Indeed, one has to draw a number of supply and demand curves to grasp the subject, but not even the economists can agree if there is a recession. According to Gilbert Smith, TCC history and political science professor, there is not one – yet. He pointed out that it takes two consecutive quarters of falling gross national product to make a downturn, and last quarter the G.N.P. was up; however, the real G.N.P., after adjusting for inflation, was a negative figure.
Smith concluded by saying some people think we are in a recession now. One of those is Hatfield. For the past year, there has been a fall in purchasing power, by which we measure the value of the dollar, and there have been layoffs in autos and steel. “These things,” said Hatfield, “have a rippling effect on the economy.”
If there is a recession, it has been counteracted by inflation. “Students are like regular consumers, and they’re spending like crazy,” Hatfield continued. “Savings went down by 4.1%.” Smith agreed that “people are spending savings. People are buying new because money will be worth less in the future.”
When banks lend money, it comes from savings. To tighten credit and to ease a projected annual inflation rate of 13.2%, the Federal Reserve raised interest rates and restricted the amount of money banks could lend, according to an article in the October 22 issue of Newsweek. The effect of these actions remains to be seen.

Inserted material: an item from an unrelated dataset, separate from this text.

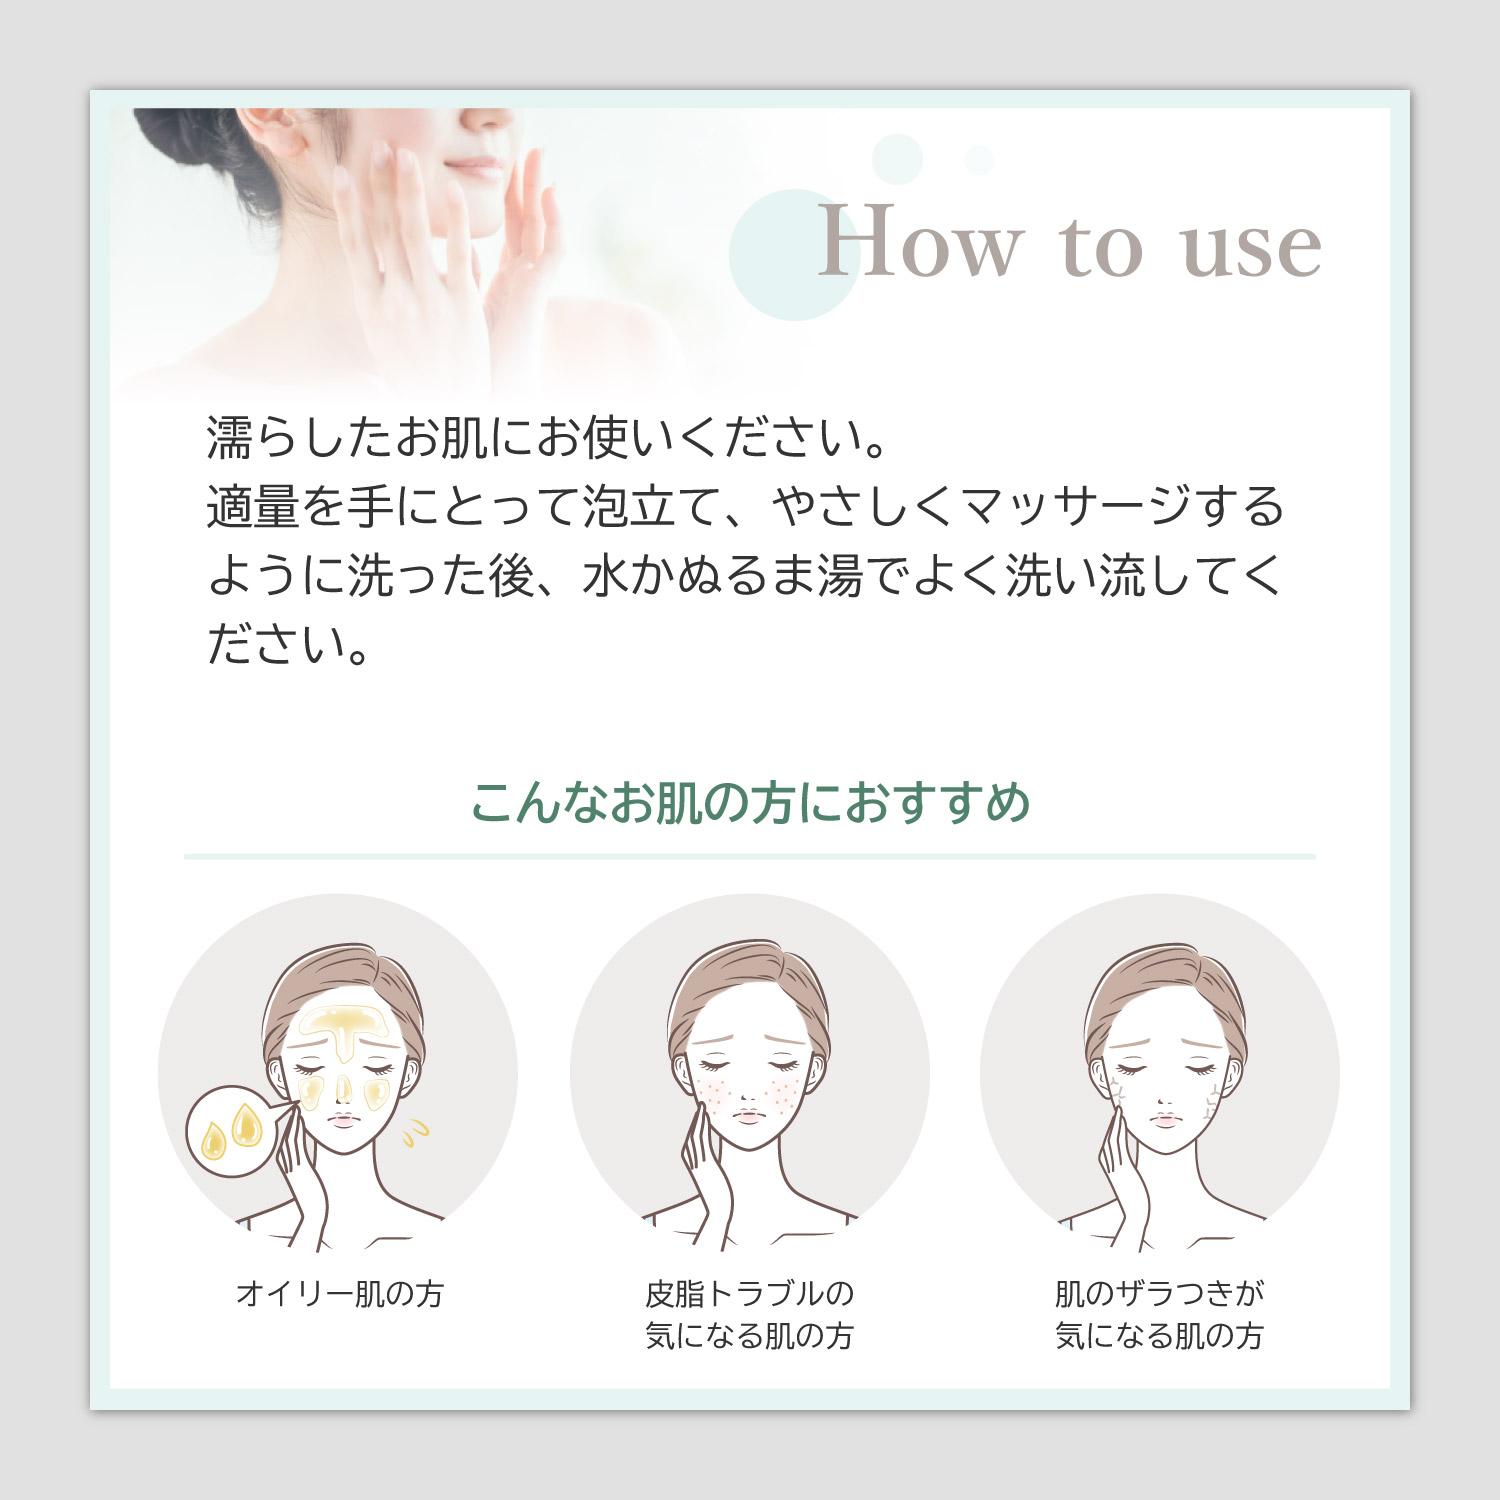 【How to use】濡らしたお肌にお使いください。適量を手にとって泡立て、やさしくマッサージするように洗った後、水かぬるま湯でよく洗い流してください。

Tight money could worsen economic conditions in the short run. “More costly credit seems almost certain to increase prices in the near term, depress business investment, and lead to increased layoffs,” reported the article. “Car sales, mostly financed by loans, will suffer as well as construction.”
Jay Janis, president of the Federal Home Loan Bank, predicts that home mortgage rates will rise to between 13 and 14%. In states such as Arkansas with a 10% ceiling and Texas with a 12% interest rate limit, mortgage money could dry up altogether. With the average age of students at TCC being 27, this could be a major concern.
“Inflation affects the number of students we get,” said Smith. “They can’t afford to spend a lot of money to go to school because some have families. Nowadays, students have to choose between having a car and other luxuries or going to school.”
More are working and going to school at the same time. One can still be a full-time student and hold a part-time 20-hour-a-week job. According to an article in the September 4, 1978, issue of Business Week, college costs have risen about 6% annually since 1973. “Tuition has not gone up in relation to the standard of living,” said Hatfield. “Teachers’ salaries haven’t gone up.”
Costs have also risen at private institutions, such as S.M.U. A student there has to shell out “$5,000 just to register,” said Smith, but he added that one of his friends’ sons had paid only $280 to go to the University of Texas at Austin. Following an example from the Business Week story, if one worked at a reasonable $3.50 an hour for 15 hours a week and 40 hours a week during the summer, allowing for five weeks’ vacation, the student going to S.M.U. could earn $2,800 per year, or 56% of the tuition cost!
For many of us, it may become the only way.